* [DATA PROVIDED]:

□ □ □ □ □ □ □

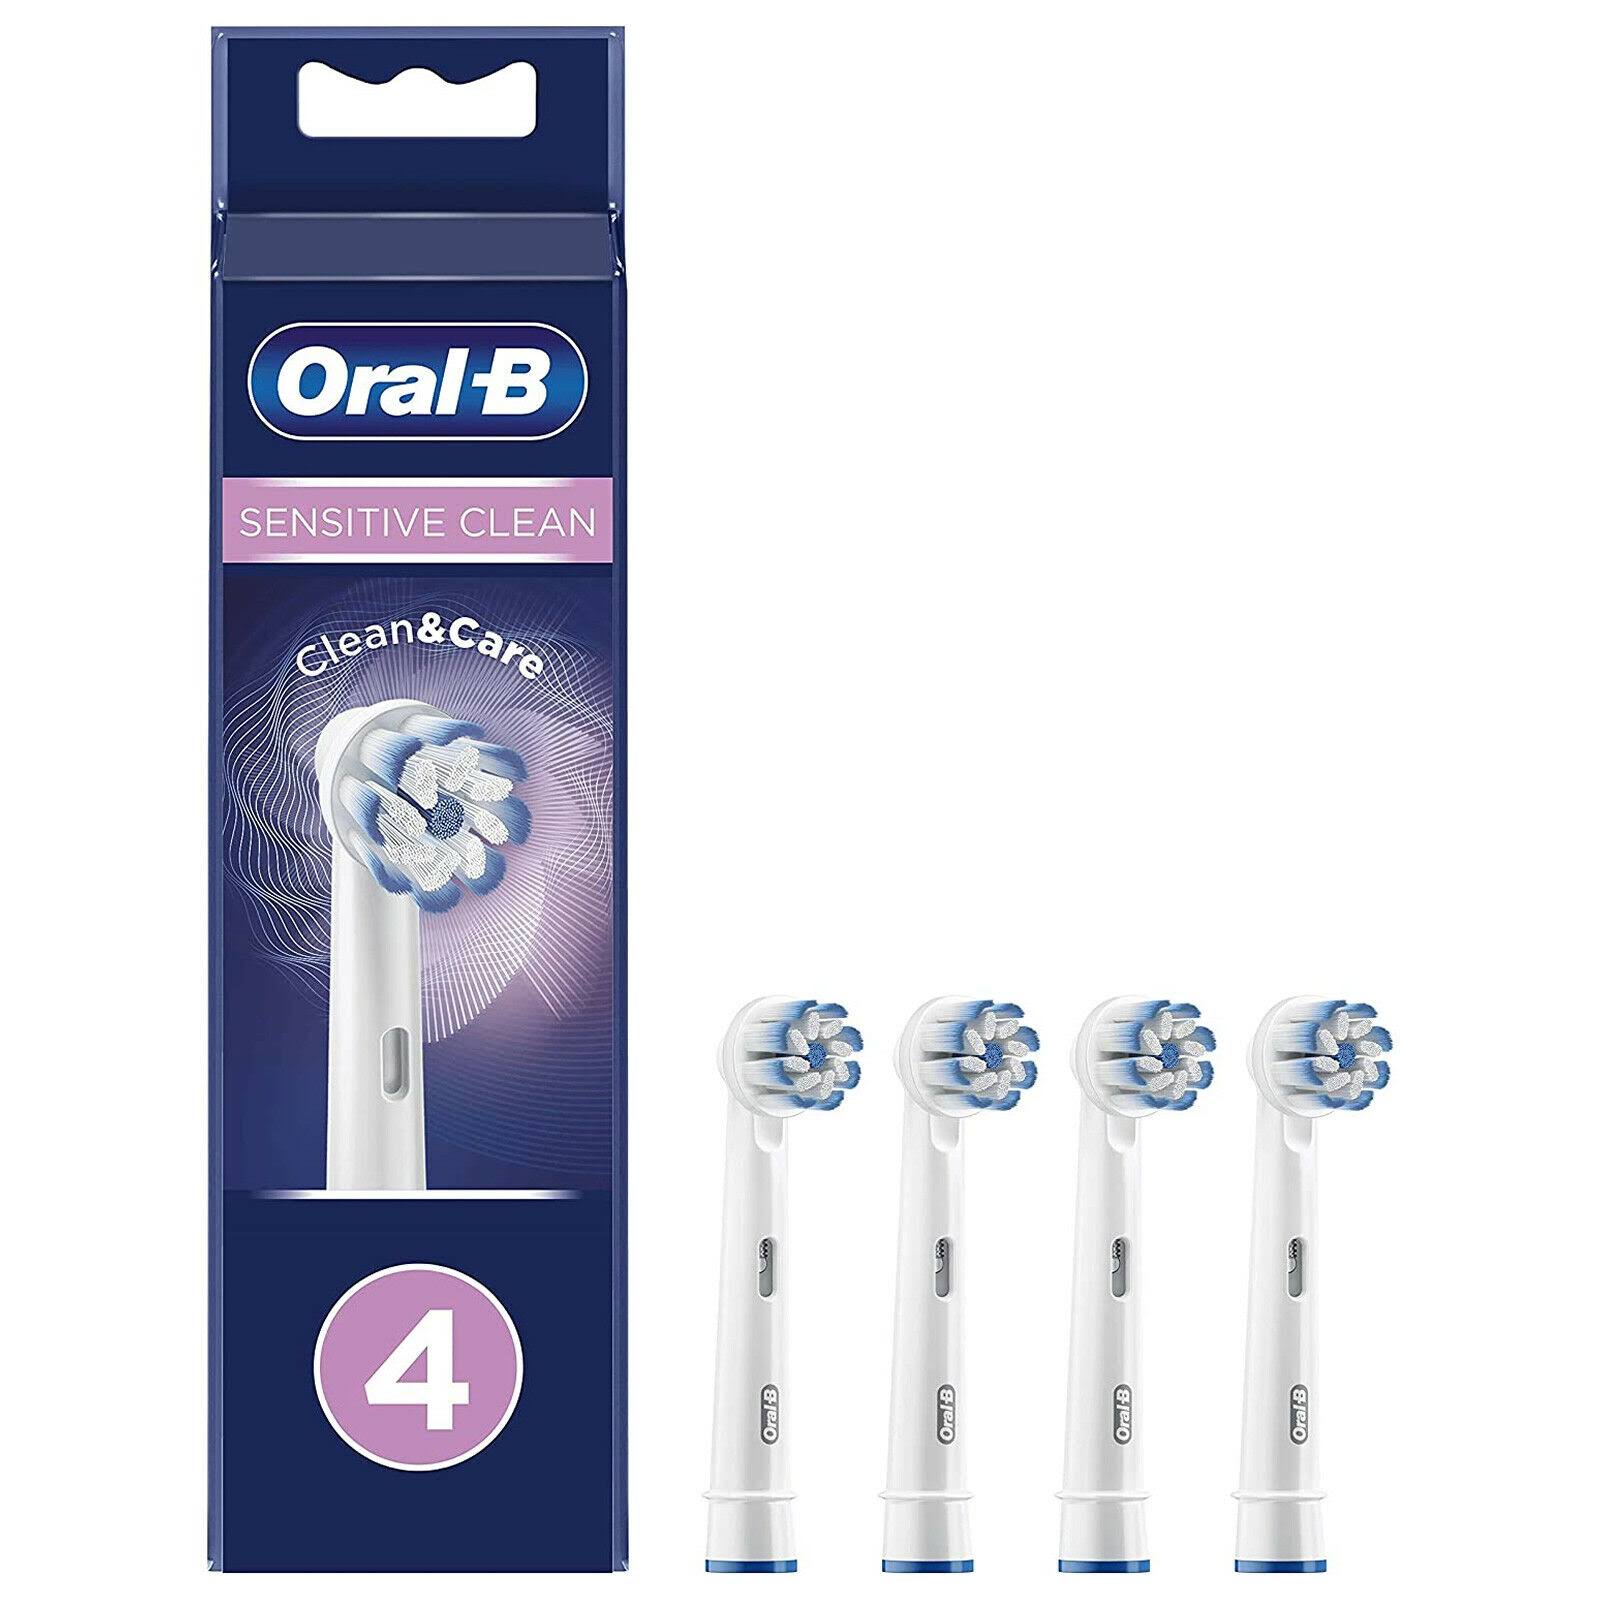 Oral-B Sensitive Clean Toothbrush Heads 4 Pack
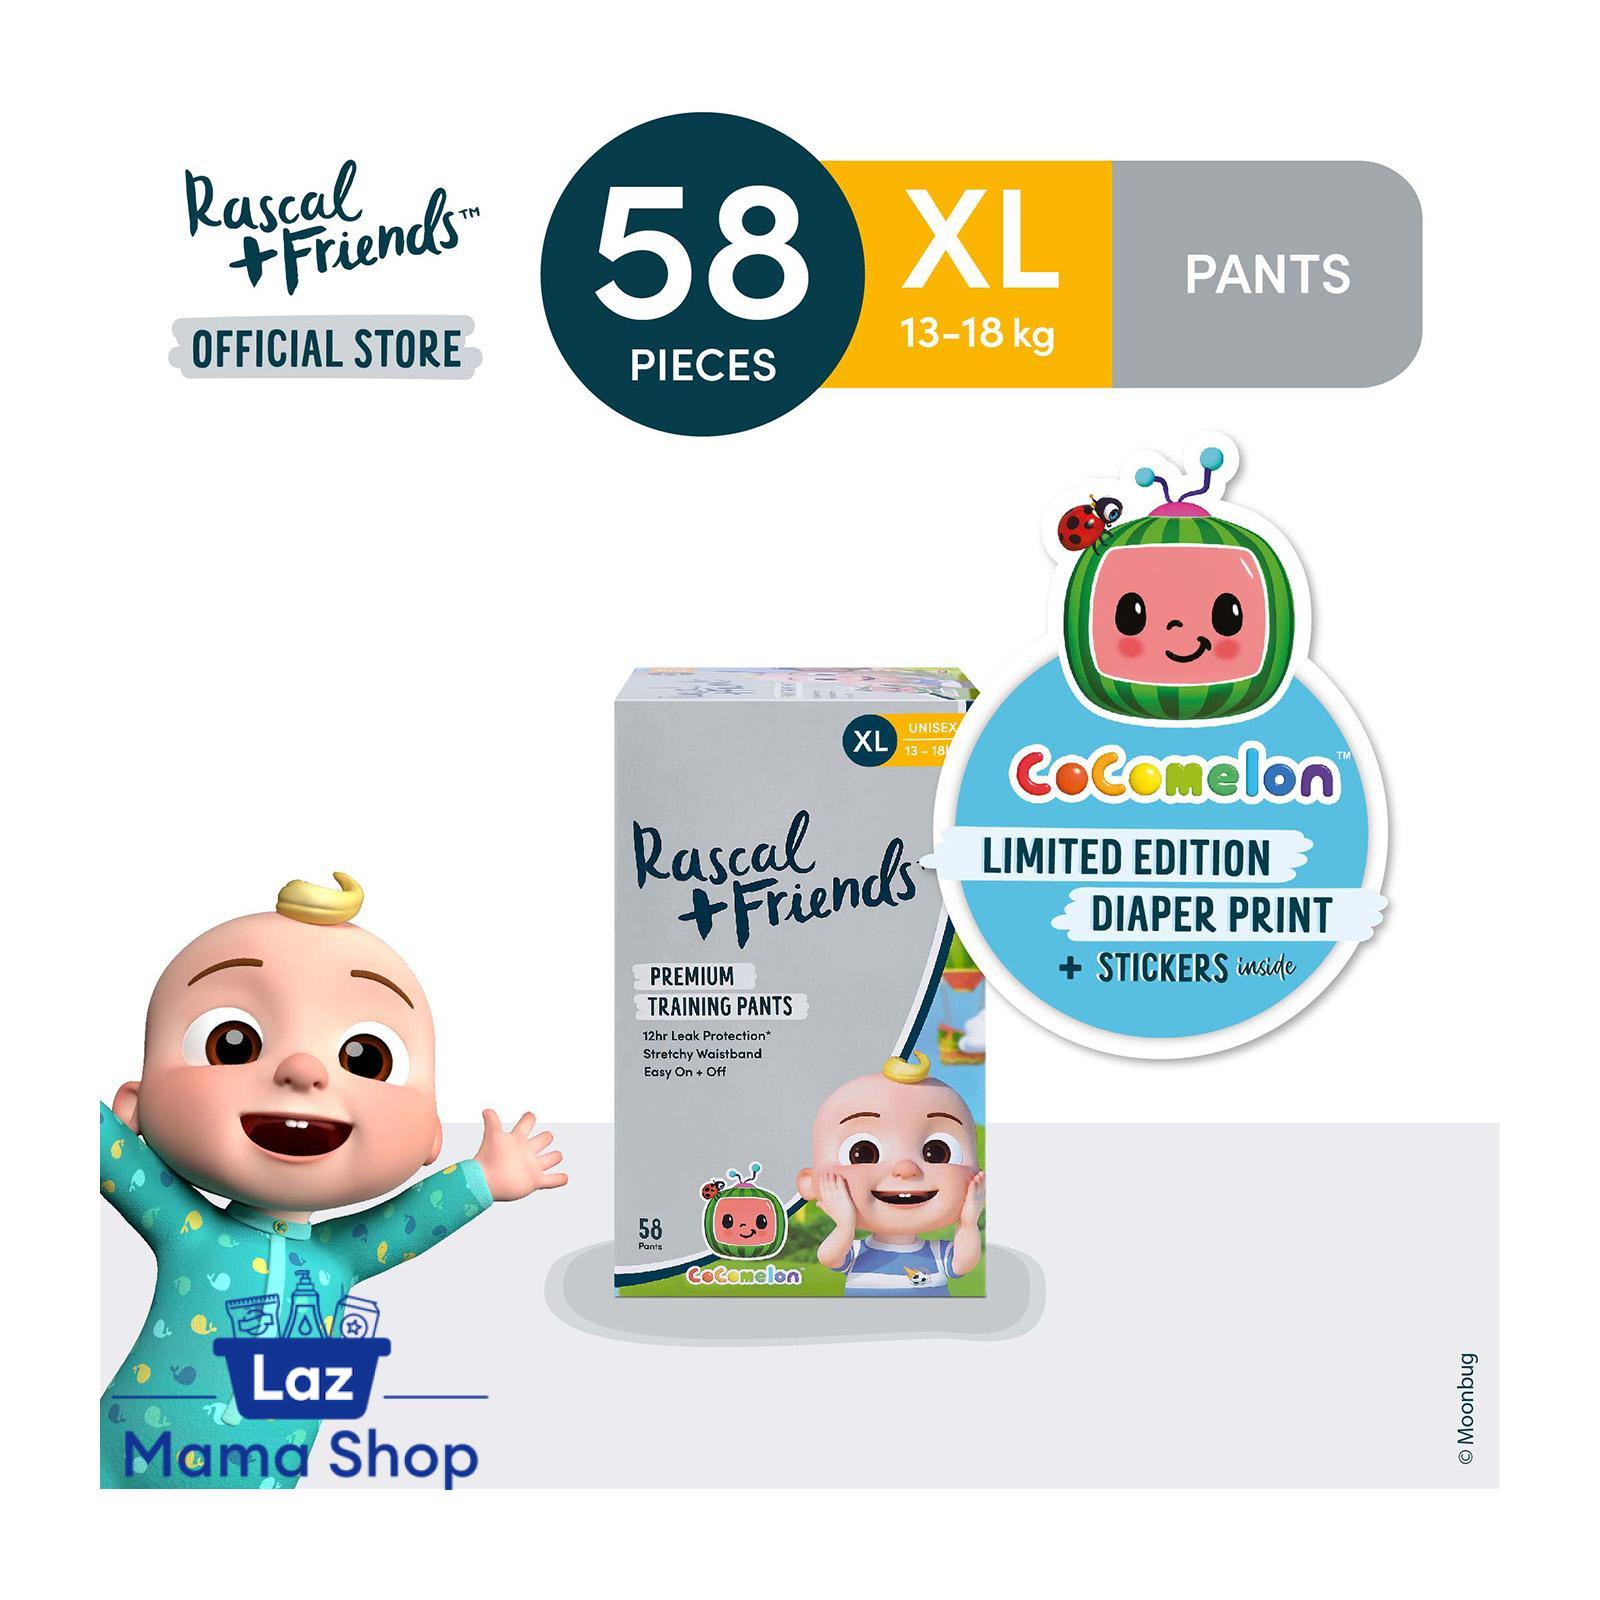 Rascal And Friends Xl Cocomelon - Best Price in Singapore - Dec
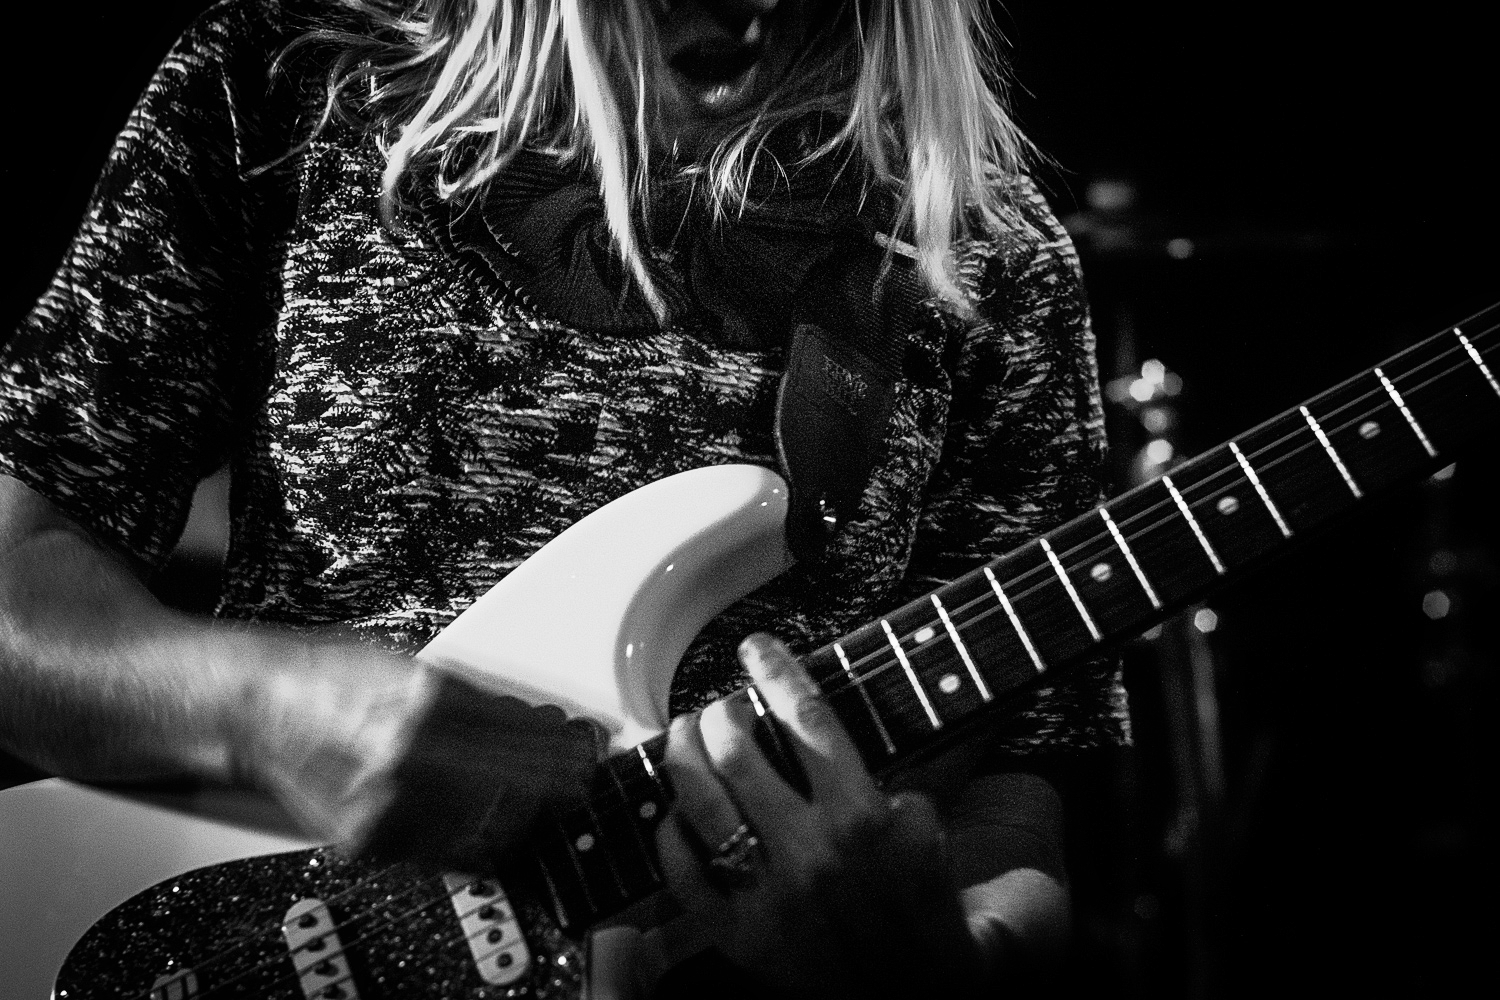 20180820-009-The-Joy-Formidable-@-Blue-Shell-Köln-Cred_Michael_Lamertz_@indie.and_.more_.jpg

□ □ □ □ □ □ □

* [WORK TO COMPLETE]: Could you write out exactly the lines running from the one with "Rascal And Friends" through the last line of the data above, both ends kept, and omit any picture?

* [YOUR SOLUTION]:
 Rascal And Friends Xl Cocomelon - Best Price in Singapore - Dec
 20180820-009-The-Joy-Formidable-@-Blue-Shell-Köln-Cred_Michael_Lamertz_@indie.and_.more_.jpg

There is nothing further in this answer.